We'll start be creating a function to pull the tweets, put them in a dataframe and filter by english language. 
<br>This function will be useful since we'll have to do this for all the stocks.

In [2]:
def get_tweets(stock, from_date, to_date, number_likes):
    '''Function to pull tweets and return dataframe filtered by language/likes'''
    
    # Empty list to store the tweets
    tweets_list =[]

    # Using TwitterSearchScraper to scrape tweets
    for i, tweet in tqdm(
        enumerate(
            sntwitter.TwitterSearchScraper(f'${stock} lang:en min_faves:{number_likes} since:{from_date} until:{to_date}').get_items()
            ), total = 50000  # progress bar size
    ):
        
        # Store the tweets in list
        tweets_list.append(
            [tweet.date, tweet.rawContent, tweet.user.username, tweet.likeCount, tweet.replyCount, \
             tweet.retweetCount, tweet.lang]
        )

    # Creating a dataframe from the tweets list
    tweet_df = pd.DataFrame(tweets_list, columns=['datetime','text','username','likeCount','replyCount',\
                                                  'retweetCount','language'])
    
    # Filter the dataframe by language, some tweets still go thru
    tweet_df = tweet_df[(tweet_df.likeCount >= number_likes) & (tweet_df.language == 'en')].reset_index(drop=True)
    
    # Drop language column
    tweet_df = tweet_df.drop(columns='language', axis=1)
    
    # Print how many tweets are left after filtering by language/likes and what's the date range of the tweets
    print(f'Number of {stock} tweets: {tweet_df.shape[0]}')
    
    return tweet_df

Let's start by pulling tweets using our function. We'll pull for the 5 last years and export to a csv file.
<br>Rationale here will be to pull tweets that have at least 1 like, since during initial inspection we noticed we could get rid of some "spam" tweets that usually have 0 likes.

### GOOGL

In [15]:
googl_2018 = get_tweets('GOOGL', '2018-1-1', '2019-1-1', 1)
googl_2019 = get_tweets('GOOGL', '2019-1-1', '2020-1-1', 1)
googl_2020 = get_tweets('GOOGL', '2020-1-1', '2021-1-1', 1)
googl_2021 = get_tweets('GOOGL', '2021-1-1', '2022-1-1', 1)
googl_2022 = get_tweets('GOOGL', '2022-1-1', '2023-1-1', 1)

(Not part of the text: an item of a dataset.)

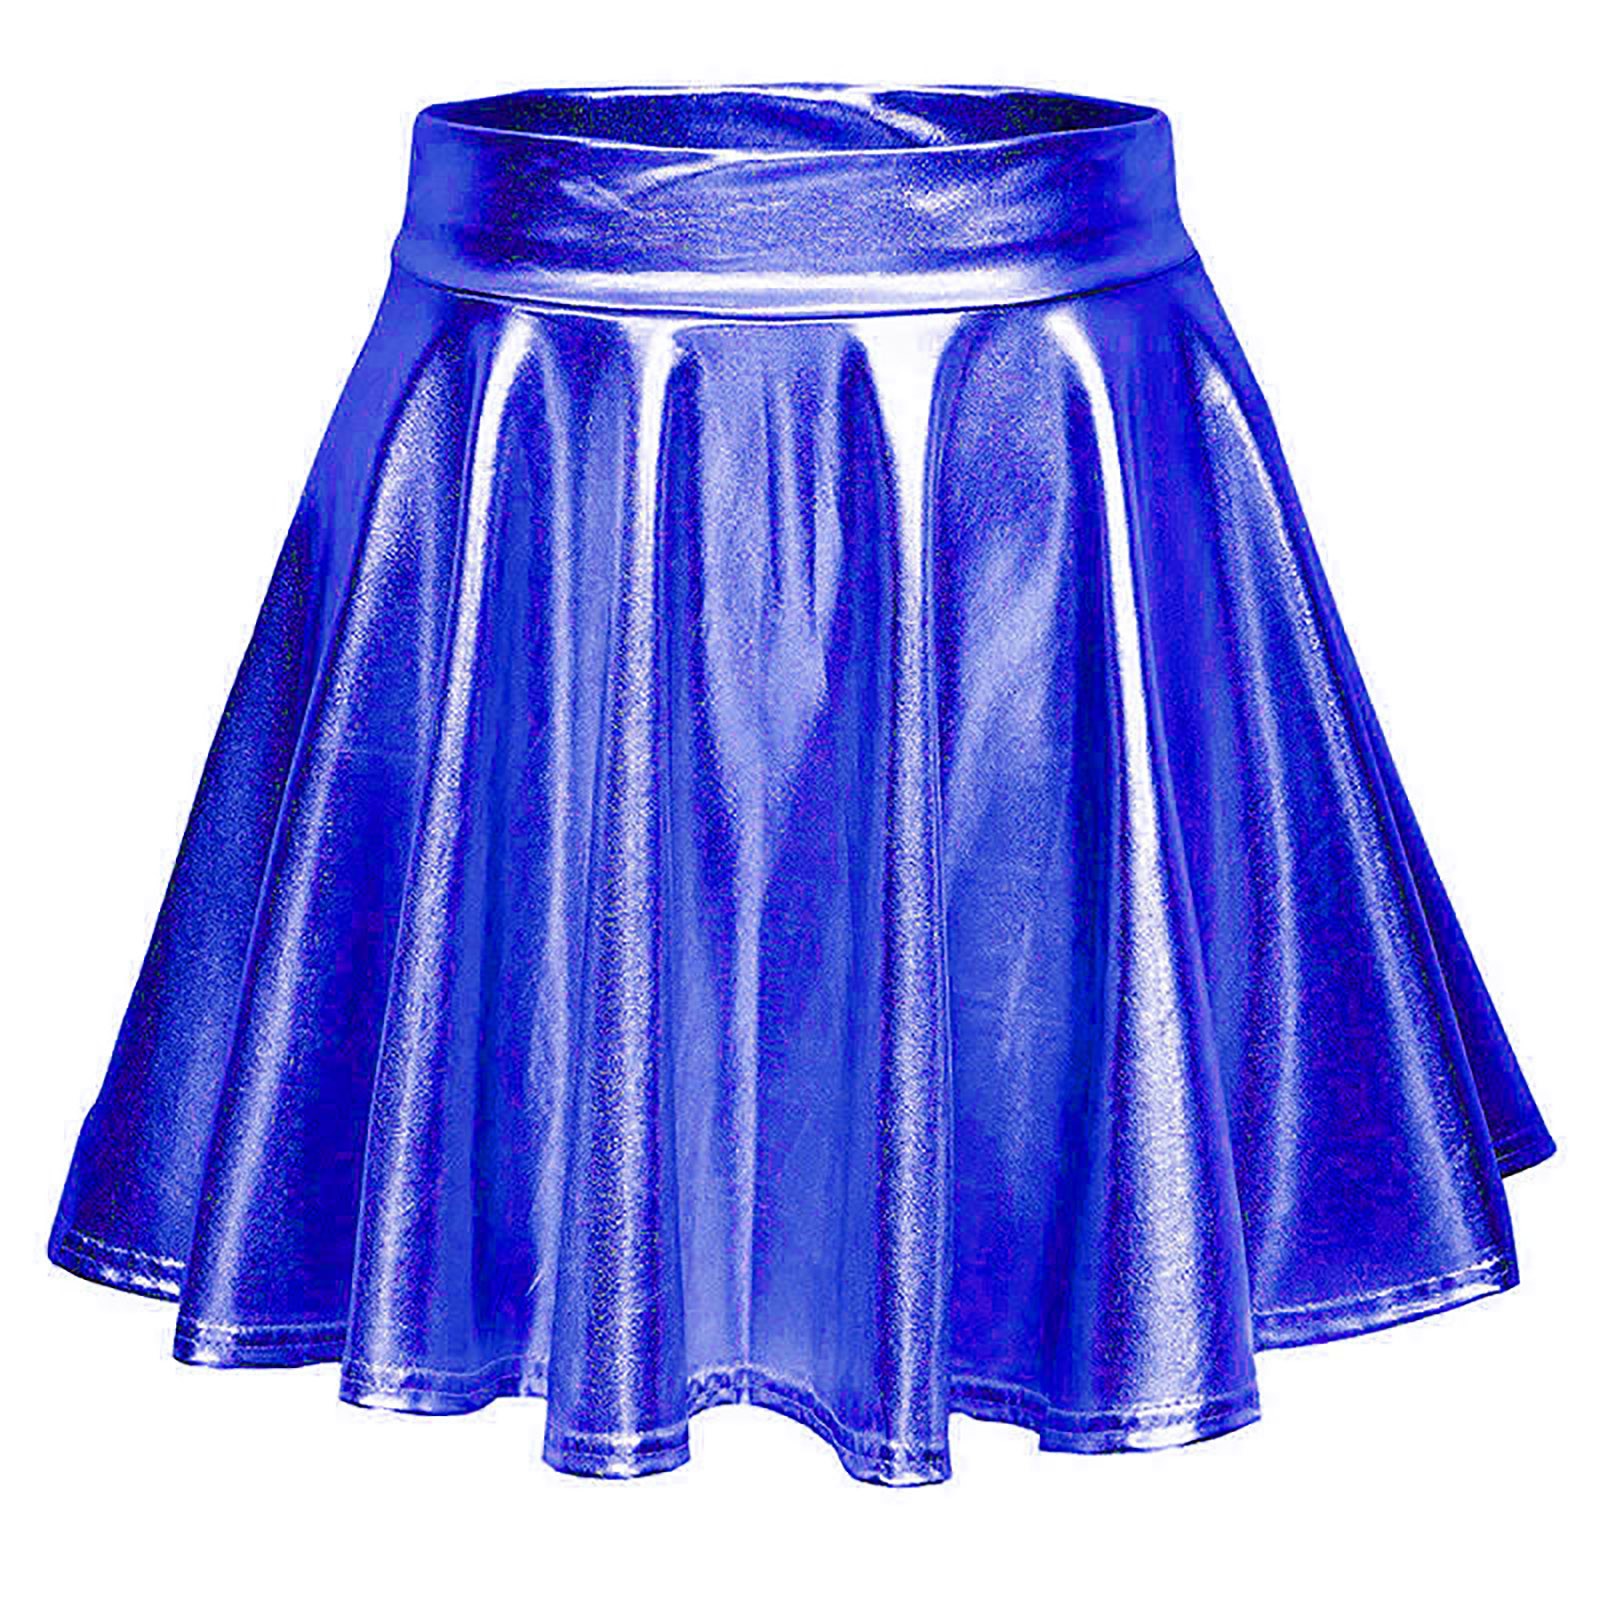 Gzea Bohemian Skirts for Women's Metallic Skater Skirt Sparkly Shiny ...

  0%|          | 0/50000 [00:00<?, ?it/s]

Number of GOOGL tweets: 17982


  0%|          | 0/50000 [00:00<?, ?it/s]

Number of GOOGL tweets: 18935


  0%|          | 0/50000 [00:00<?, ?it/s]

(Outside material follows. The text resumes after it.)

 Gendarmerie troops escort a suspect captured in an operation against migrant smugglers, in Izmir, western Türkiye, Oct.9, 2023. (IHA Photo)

Number of GOOGL tweets: 24037


  0%|          | 0/50000 [00:00<?, ?it/s]

Number of GOOGL tweets: 28733


  0%|          | 0/50000 [00:00<?, ?it/s]

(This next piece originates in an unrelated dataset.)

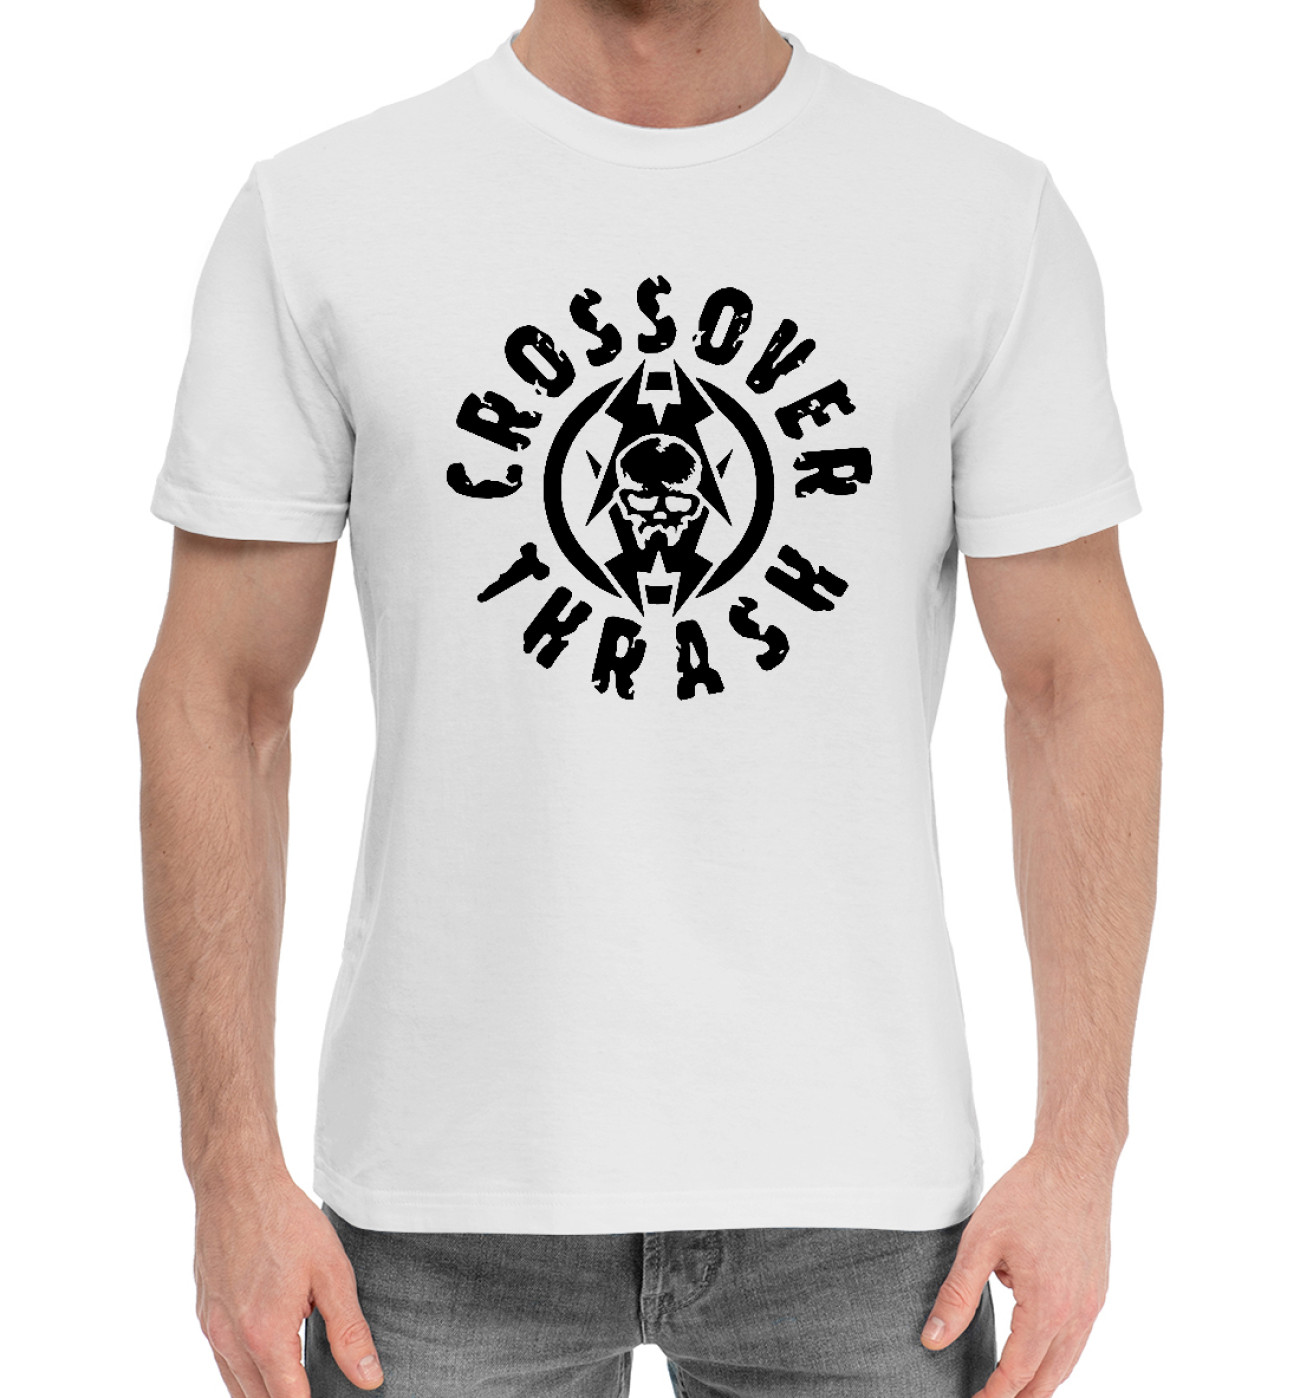 Мужская Хлопковая футболка Crossover Thrash, артикул: MWE-253702-hfu-2

Number of GOOGL tweets: 38355


In [16]:
googl_tweets = pd.concat([ googl_2018, googl_2019, googl_2020, googl_2021, googl_2021 ], ignore_index=True)
googl_tweets.head()

Unnamed: 0,datetime,text,username,likeCount,replyCount,retweetCount
0,2018-12-31 23:04:00+00:00,'Grandmasters had never seen anything like it....,Wexboy_Value,4,1,3
1,2018-12-31 22:29:34+00:00,Netflix topped the FANG trade as the best perf...,CNBCFastMoney,19,4,5
2,2018-12-31 22:27:53+00:00,Slippery and cold!! \n$FB &amp; $GOOGL trade e...,petenajarian,8,2,0
3,2018-12-31 21:48:52+00:00,Webinar. Right Now.\n\nMake 2019 your best tra...,OphirGottlieb,7,0,5
4,2018-12-31 21:48:34+00:00,Measured vs year ago (rather than vs 2018 peak...,tpetruno,3,1,1


In [19]:
googl_tweets.shape

(118420, 6)

In [18]:
googl_tweets.to_csv('../data/raw/googl_tweets_all.csv')

### XOM

In [4]:
xom_2018 = get_tweets('XOM', '2018-1-1', '2019-1-1', 1)
xom_2019 = get_tweets('XOM', '2019-1-1', '2020-1-1', 1)
xom_2020 = get_tweets('XOM', '2020-1-1', '2021-1-1', 1)
xom_2021 = get_tweets('XOM', '2021-1-1', '2022-1-1', 1)
xom_2022 = get_tweets('XOM', '2022-1-1', '2023-1-1', 1)

  0%|          | 0/50000 [00:00<?, ?it/s]

Number of XOM tweets: 4061


  0%|          | 0/50000 [00:00<?, ?it/s]

Number of XOM tweets: 4284


  0%|          | 0/50000 [00:00<?, ?it/s]

Number of XOM tweets: 11257


  0%|          | 0/50000 [00:00<?, ?it/s]

Number of XOM tweets: 11677


  0%|          | 0/50000 [00:00<?, ?it/s]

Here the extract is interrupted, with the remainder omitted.